The point of a list or table might be to rattle off food options when the players enter a tavern, but what does that really add? On the flipside, considering how a city grows, catches, imports, or concocts its food is likely to have knock-off effects that inspire the rest of your worldbuilding.
The key is that nothing should ever exist in a vacuum. If your port town feeds itself with fish, consider what they do with the fish bones. Consider who it is that actually does the fishing. Are they independent and just feeding themselves? Or do a handful of companies fish the whole bay and sell the fish at a premium? Consider the bay at different times of year. Is it harder to fish in the winter? If most food comes from the sea, do the townsfolk worship a watery god? Are there dangerous creatures in the water? What sort of infrastructure helps in the fishing process? Docks? Markets? Shipwrights? Canneries? What sorts of magic or technology do the fishermen and auxiliary workers employ?

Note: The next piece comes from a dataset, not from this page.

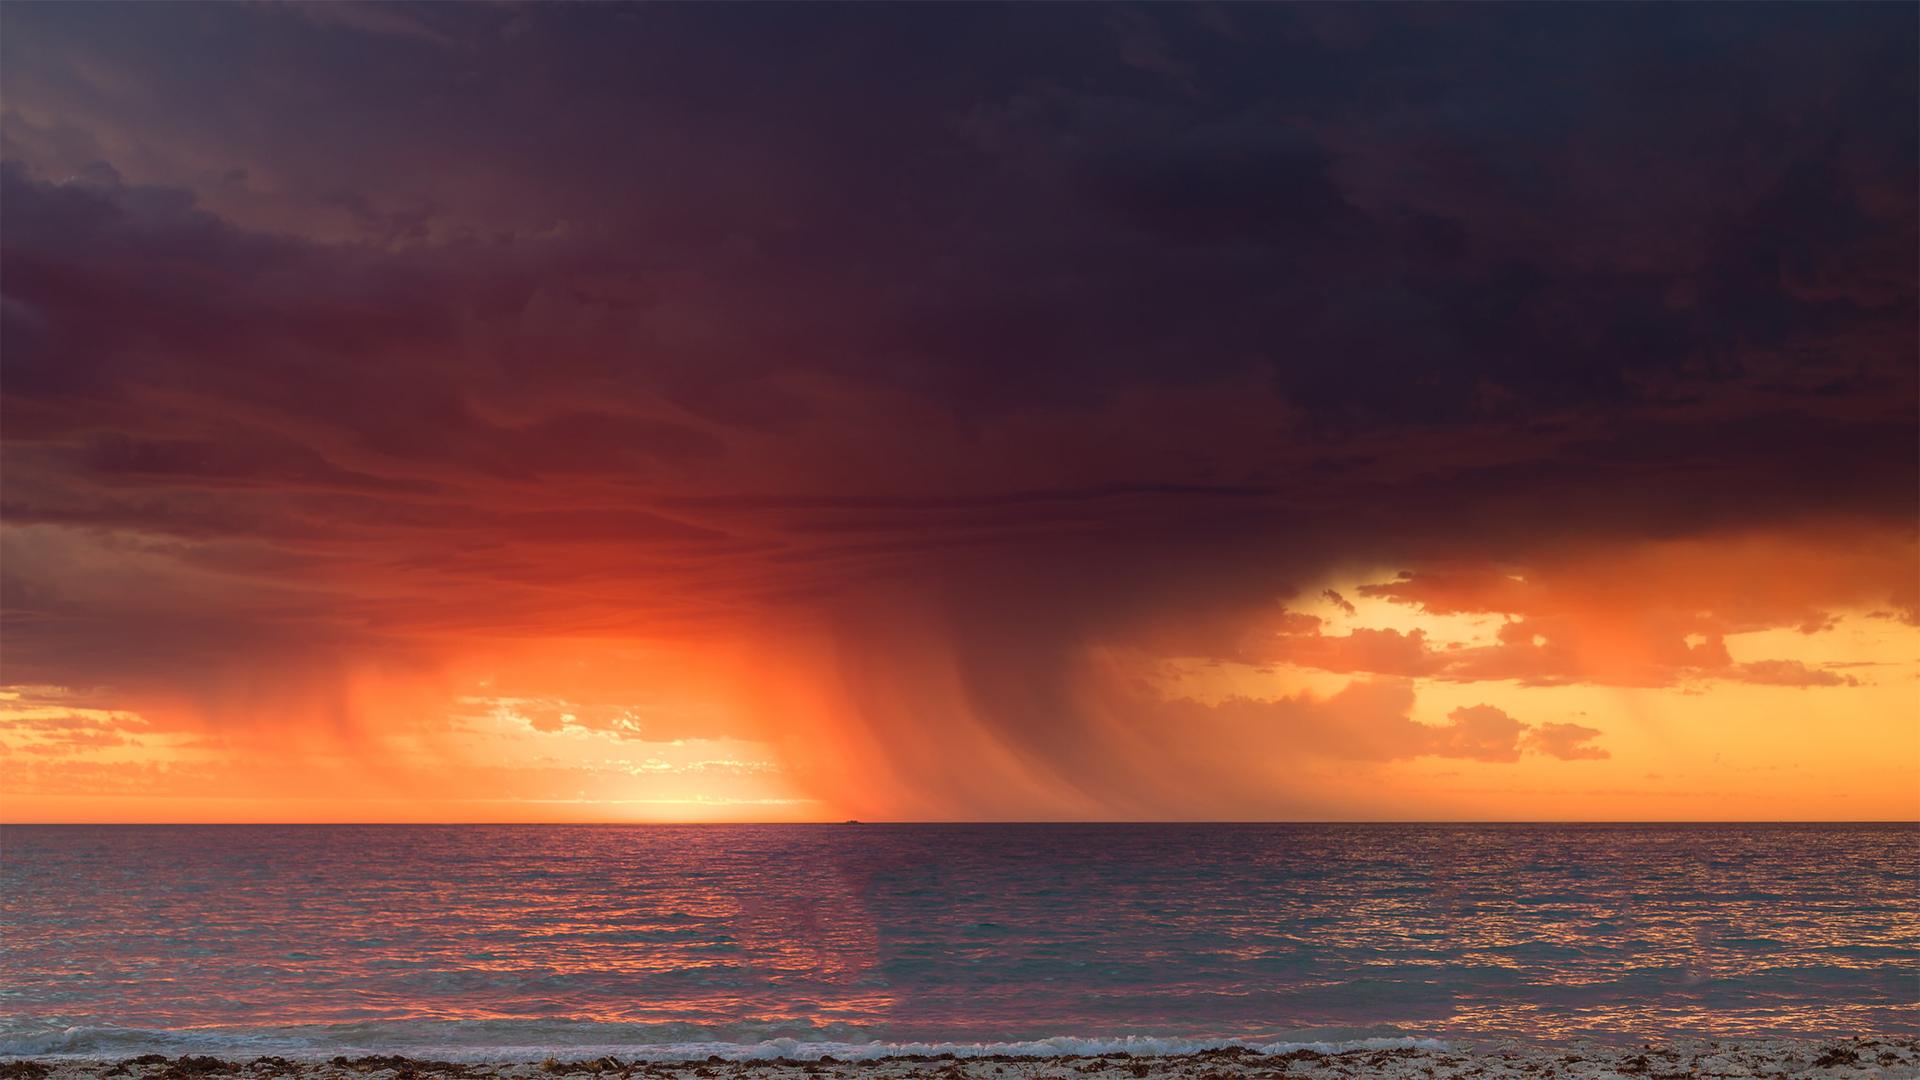 Sunset storm in Western Australia

You can and should make a list of unique fish and fish dishes that are important to this town, but the list is not the point. The point is what all of this says about the city, and what else it might imply about the wider setting. Food should always come first, but it should never be the purpose of your worldbuilding. The purpose is enriching the setting. Considering what people eat is your first step toward deeper worldbuilding.

So... What Do They Eat?
Food is crucial to tabletop worldbuilding, not because your players are likely to get super invested in individual dishes, but because you will inevitably make your world feel realer, more coherent, and more interesting by considering what everyone eats.
The food is not the point. The point is creating compelling settings, and starting with food acquisition often leads to intrigue opportunities that will bolster your setting's worldbuilding.
1 The meaning behind the term “Shandification” is a bit wonky. He compared the structure of New Vegas to that of The Life and Opinions of Tristram Shandy, Gentleman, a novel by Laurence Sterne considered to be a noteworthy precursor to postmodern literature. MrBtongue’s basic point was that the meandering nature of an open world RPG means that seemingly incidental details carry more weight than they would in a linear story, and that devs ought to focus on those details to enhance the verisimilitude. He compares this with a "cinematic approach" that tends to be more linear.
2 Keep note of this phrase. “Intrigue opportunities” is a key goal of my worldbuilding, and I will reference it plenty throughout my Lore & Mortar articles.